Олег Рязанский - русский князь - [6]
— Вот когда испробует в бою кривой татарской сабли, рязанской тож, тогда поверю, что он силен. Рановато ему идти противу нас, победителей Тагая!
Задор главного воеводы отвечал настроению бояр, и они смотрели на него с умилением. Но не все разделяли его неумеренную хвастливость. Кто-то из думцев сказал со внушением: "Пляши, когда в дуду играют, а не до игры", — на что Софоний отпарировал:
— Мы не тверичане или суздальцы, коих московиты бьют как сидоровых коз! Мы — рязанцы!

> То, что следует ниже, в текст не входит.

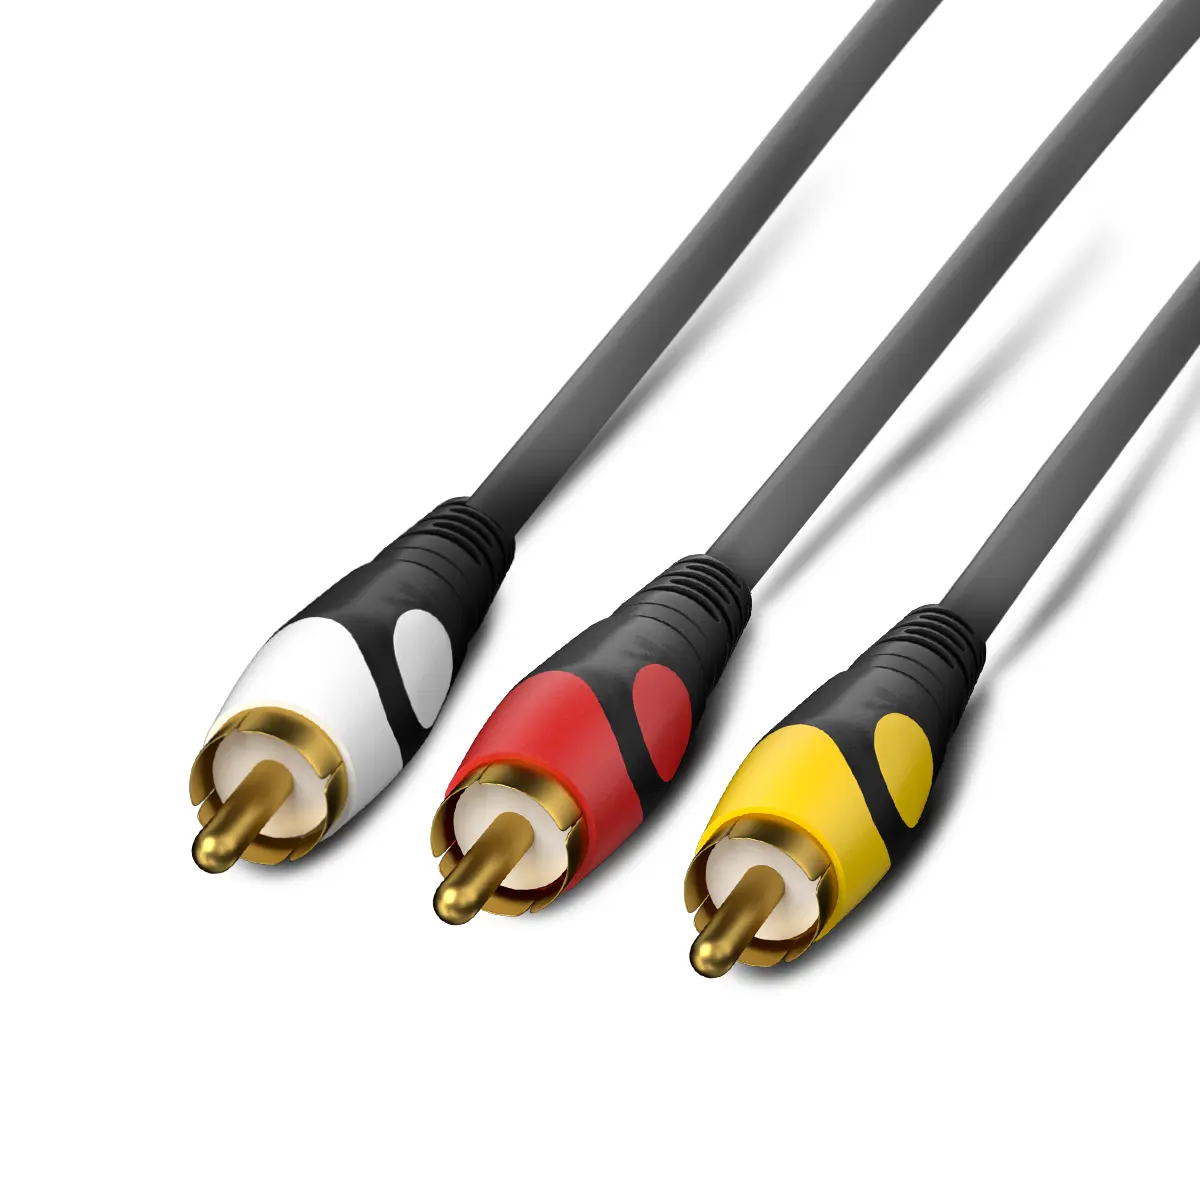 Kabel Audio Video 3 kabel Audio Stereo seri RCA ke 3RCA Male ke Male 1.5M kabel RCA

В два счета сделаем укорот неприятелю!
Афанасий Ильич, чаще других бывавший в Москве и лучше многих знавший её, заметил:
— Не следует забывать о том, что московиты превосходят нас добротностью доспехов.
— Это каких-таких доспехов? — вскинулся Софоний Алтыкулачевич.
— У московитов в ходу колонтарь1. Доспех надежный и удобный, но многим нашим воинам недоступный — очень дорогой. А ещё у московитов распространено новое оружие — самострел-артабалет2.
— Ой-ой, настращал! — воевода состроил уморительную гримасу испуга. Да мои орлы арканами передушат твоих московитов-артабалетчиков!
Афанасий Ильич махнул рукой, а Ковыла Вислый расхохотался рассыпчато, явно наслаждаясь своим смехом. Тотчас рассмеялись и другие думцы, уж и не зная чему: самозабвенному ли смеху Ковылы, непрошибаемой самоуверенности Софония или его же, Софония, упоминанию об арканах. Он давно носится с мыслью вооружить своих воинов, по примеру ордынцев, арканами и уже заказал понаделать их из конского волоса.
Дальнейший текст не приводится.